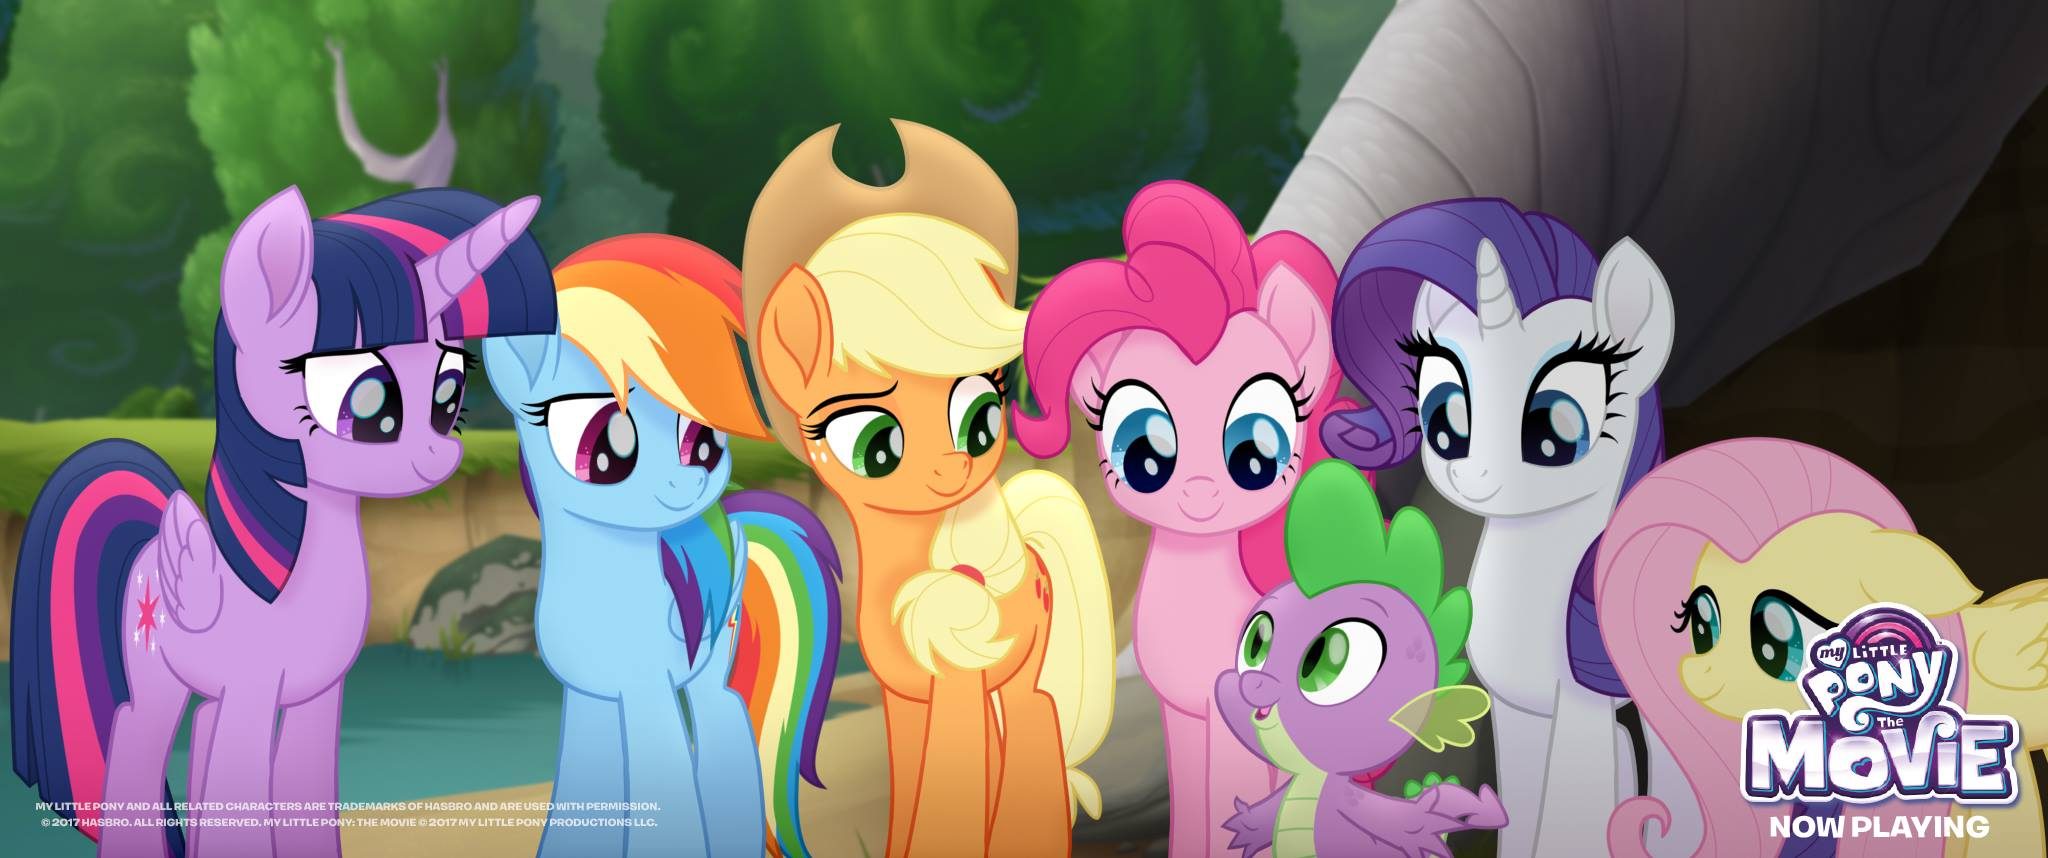 Photo from My Little Pony the Movie Facebook page  
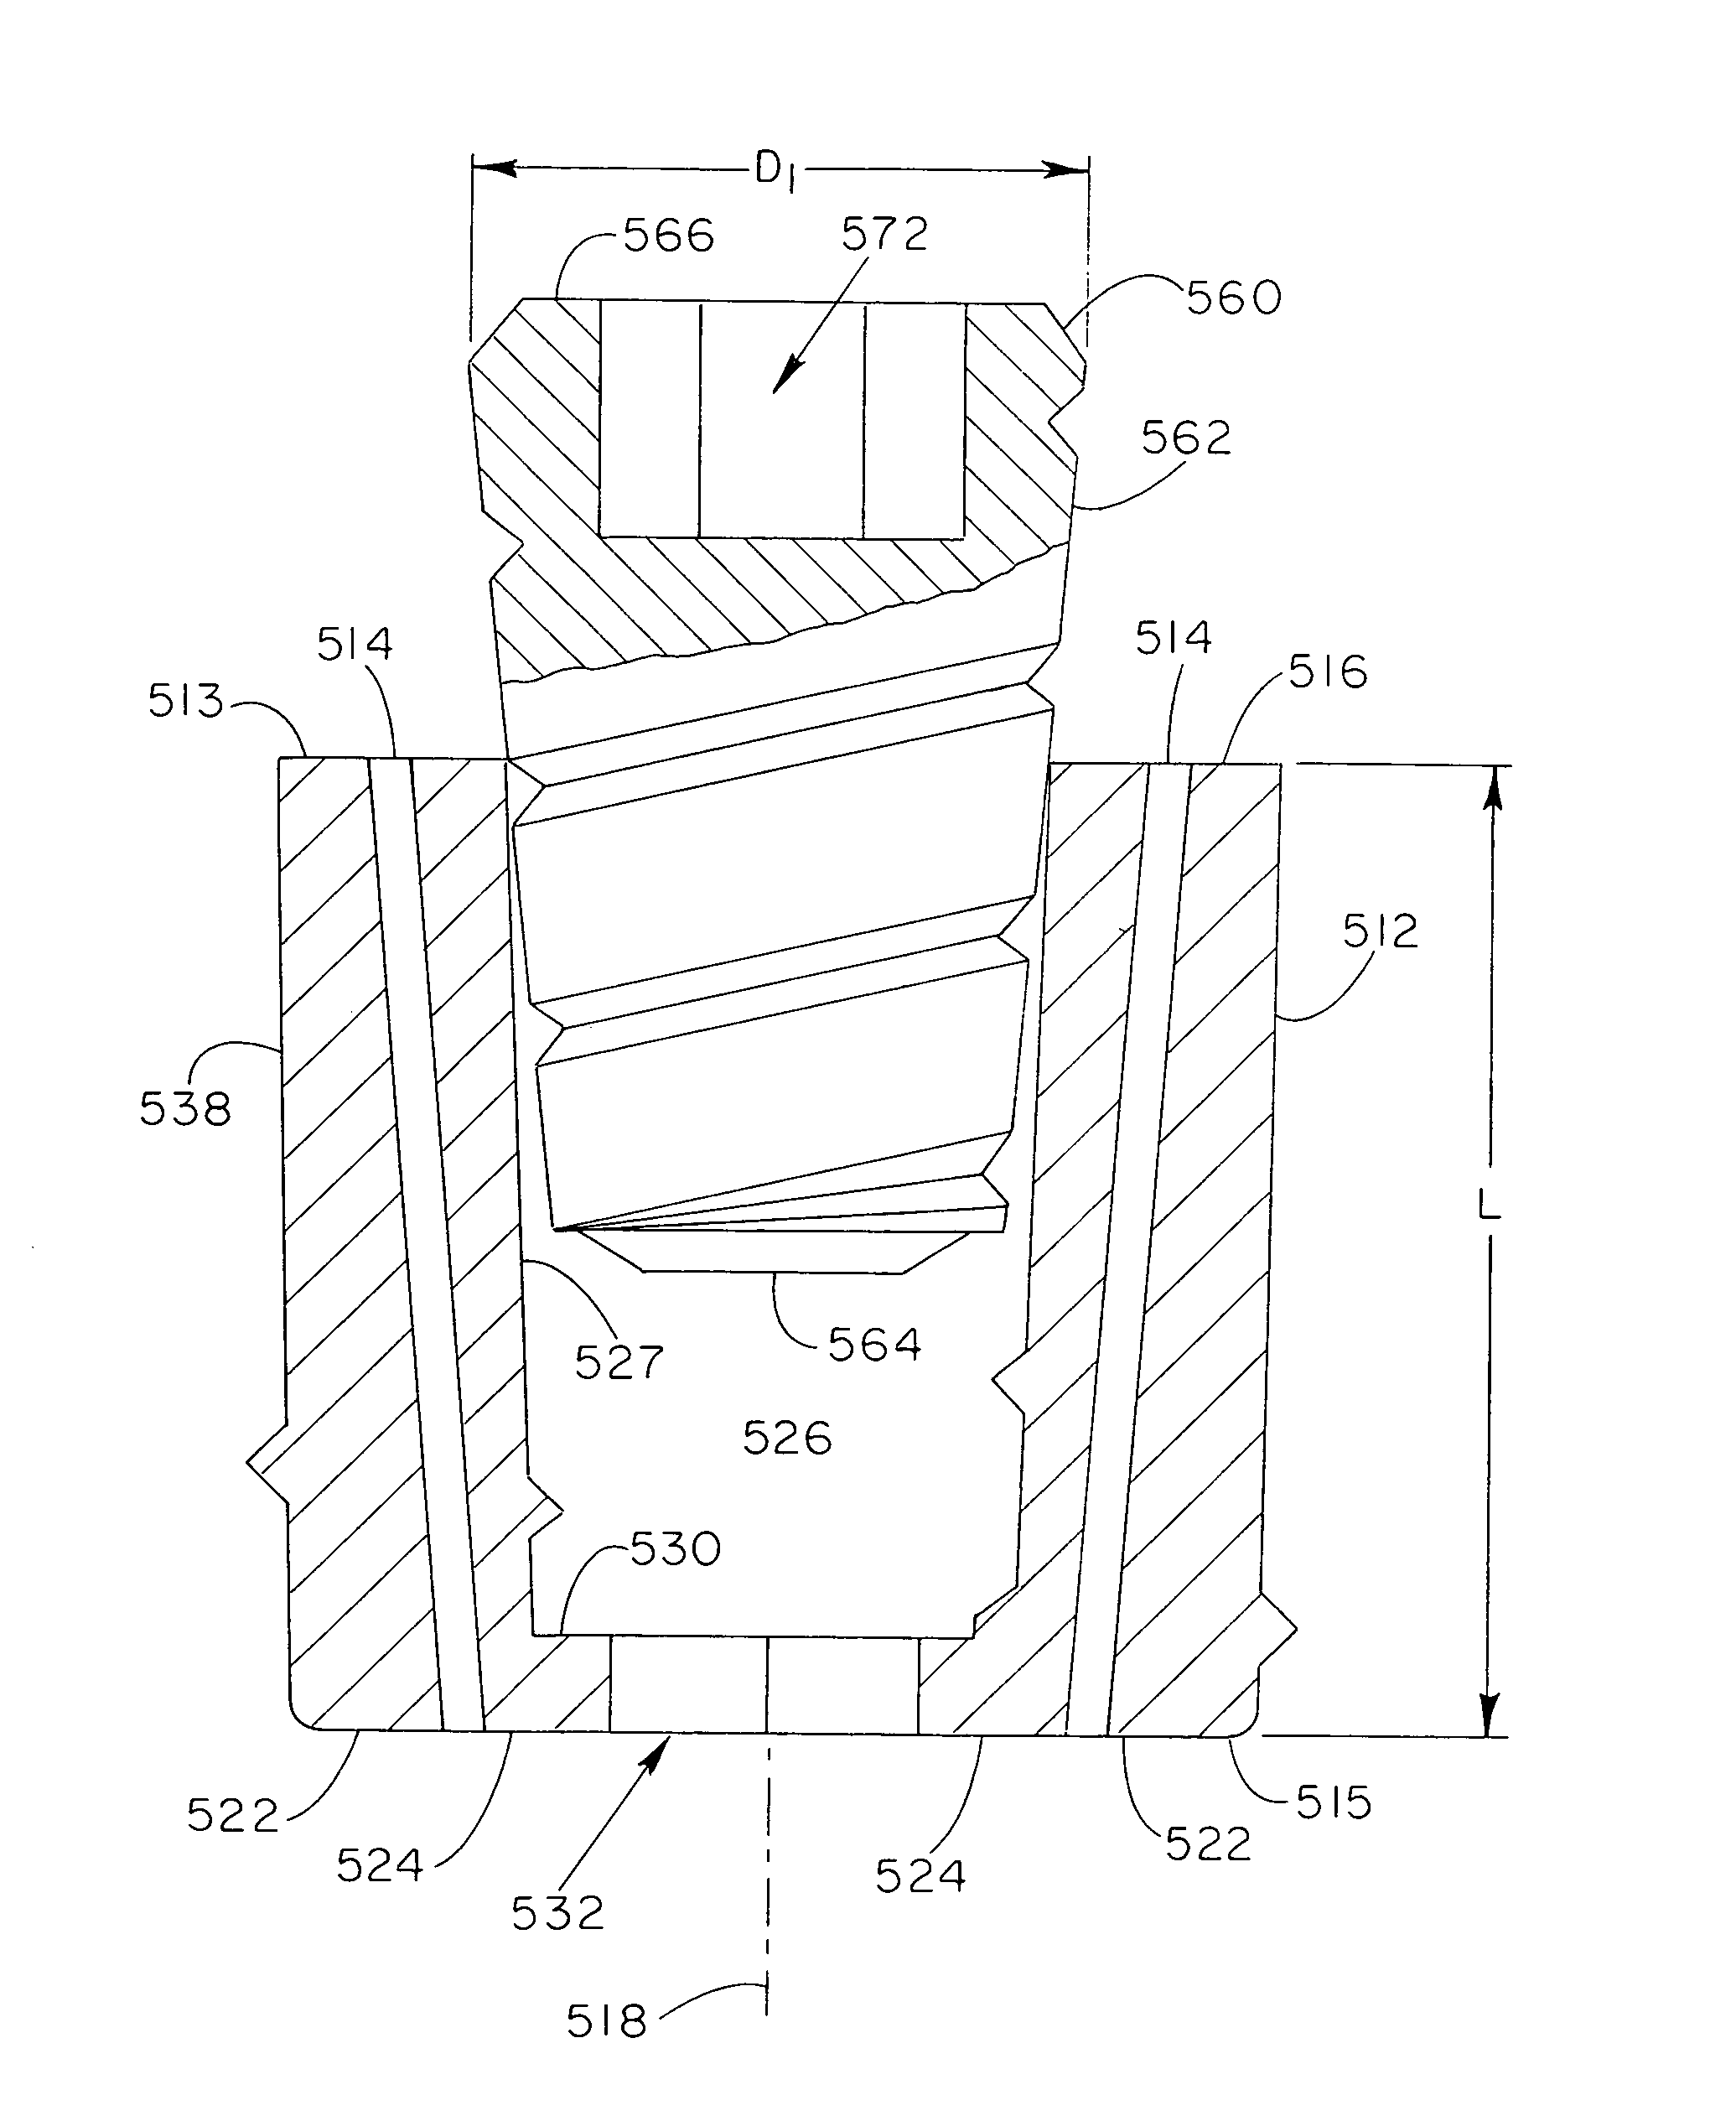 Graft anchoring device
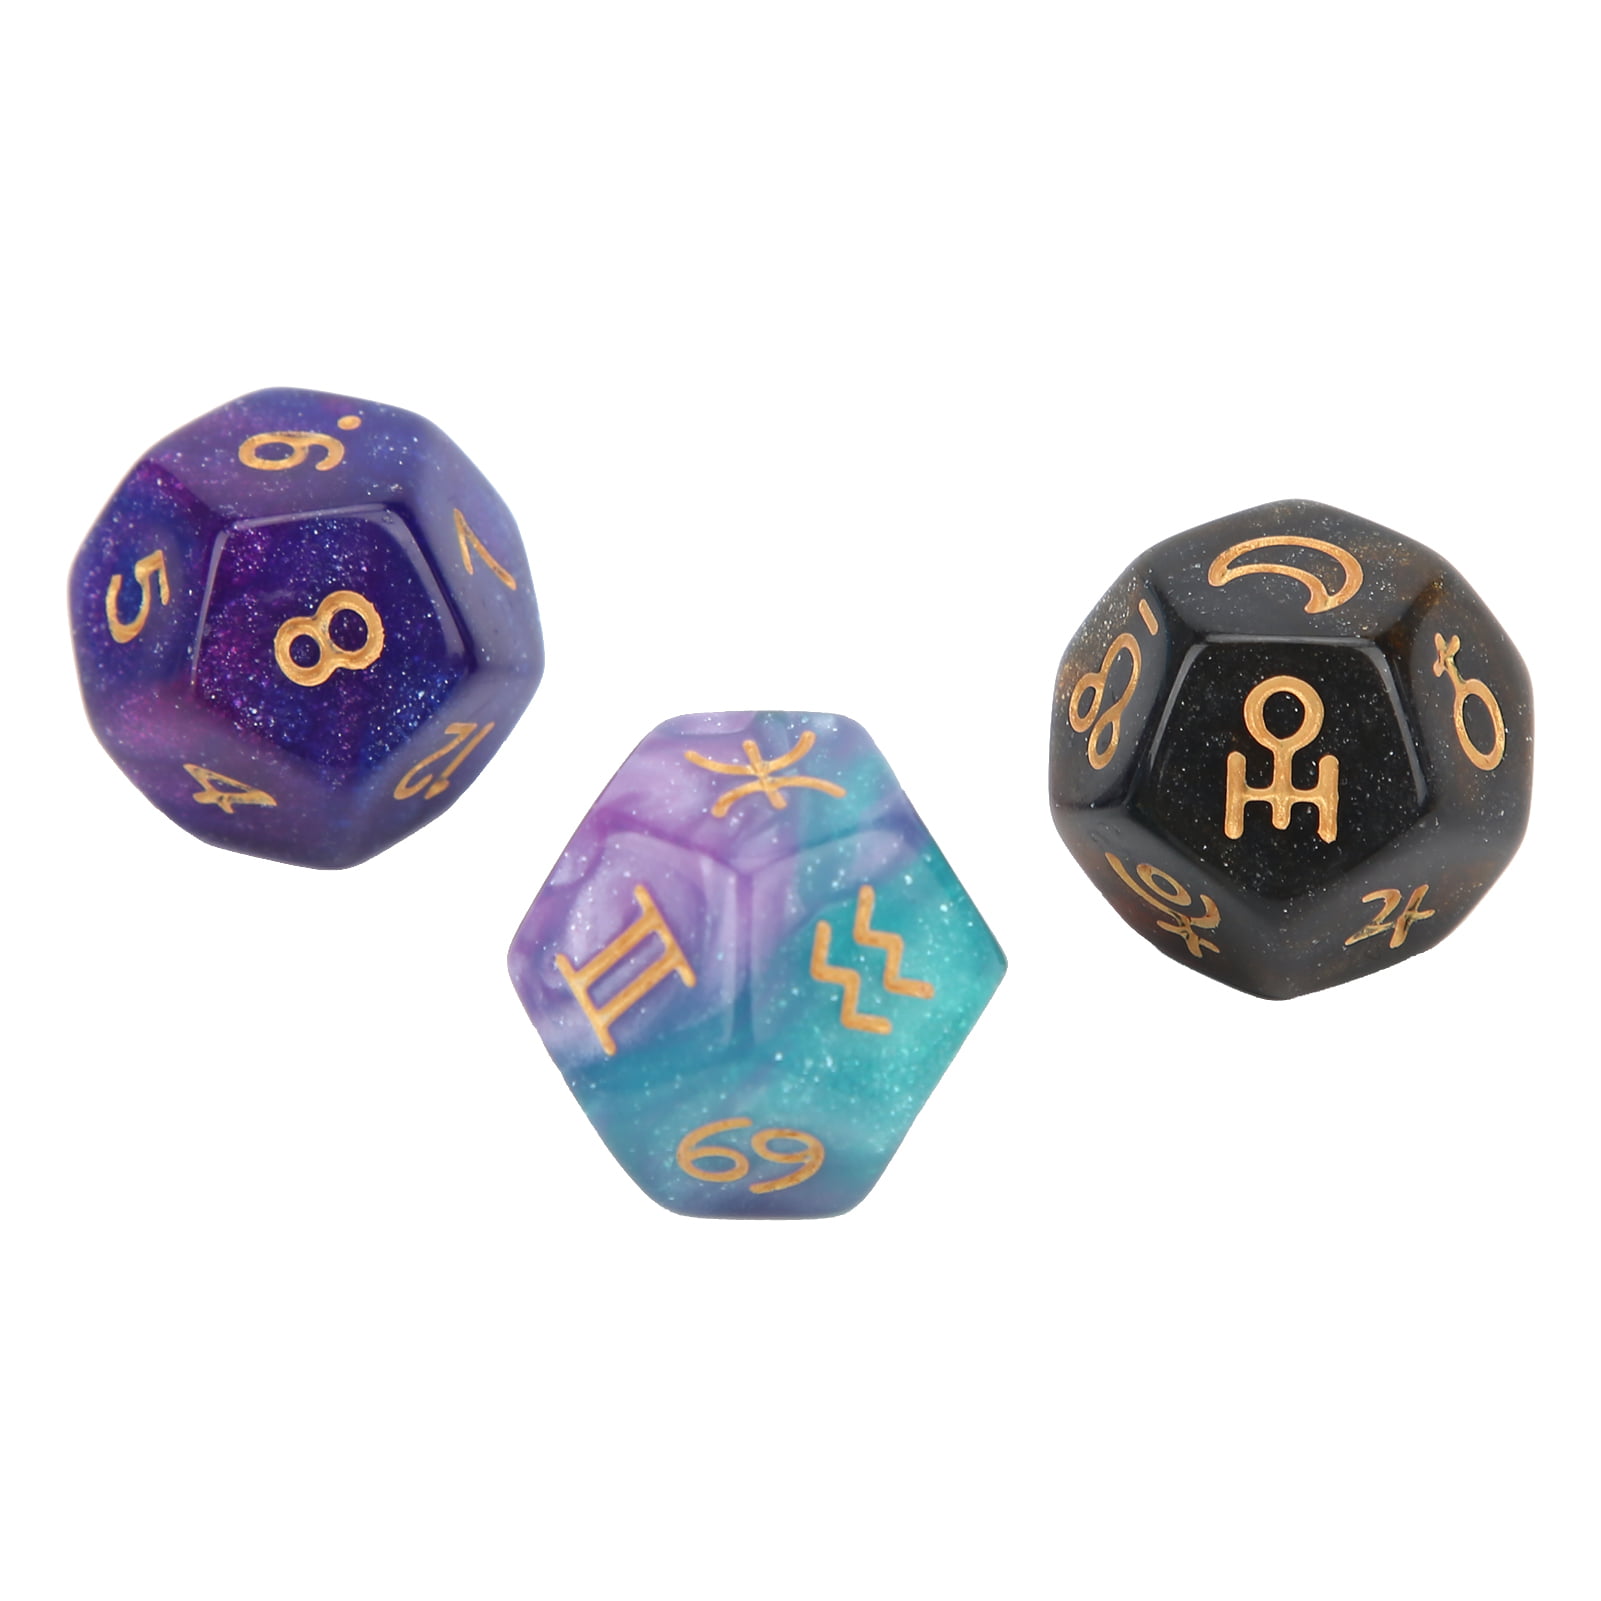 Details about   Golden Dice 20 Sides Unique Horoscope Board Game Props Bar Party Toys.

----------

[Exercise details]: Each line of the material is to be output exactly. Images are not part of the expected output.

[The answer]:
 Photo from My Little Pony the Movie Facebook page  
 Graft anchoring device
 Details about   Golden Dice 20 Sides Unique Horoscope Board Game Props Bar Party Toys.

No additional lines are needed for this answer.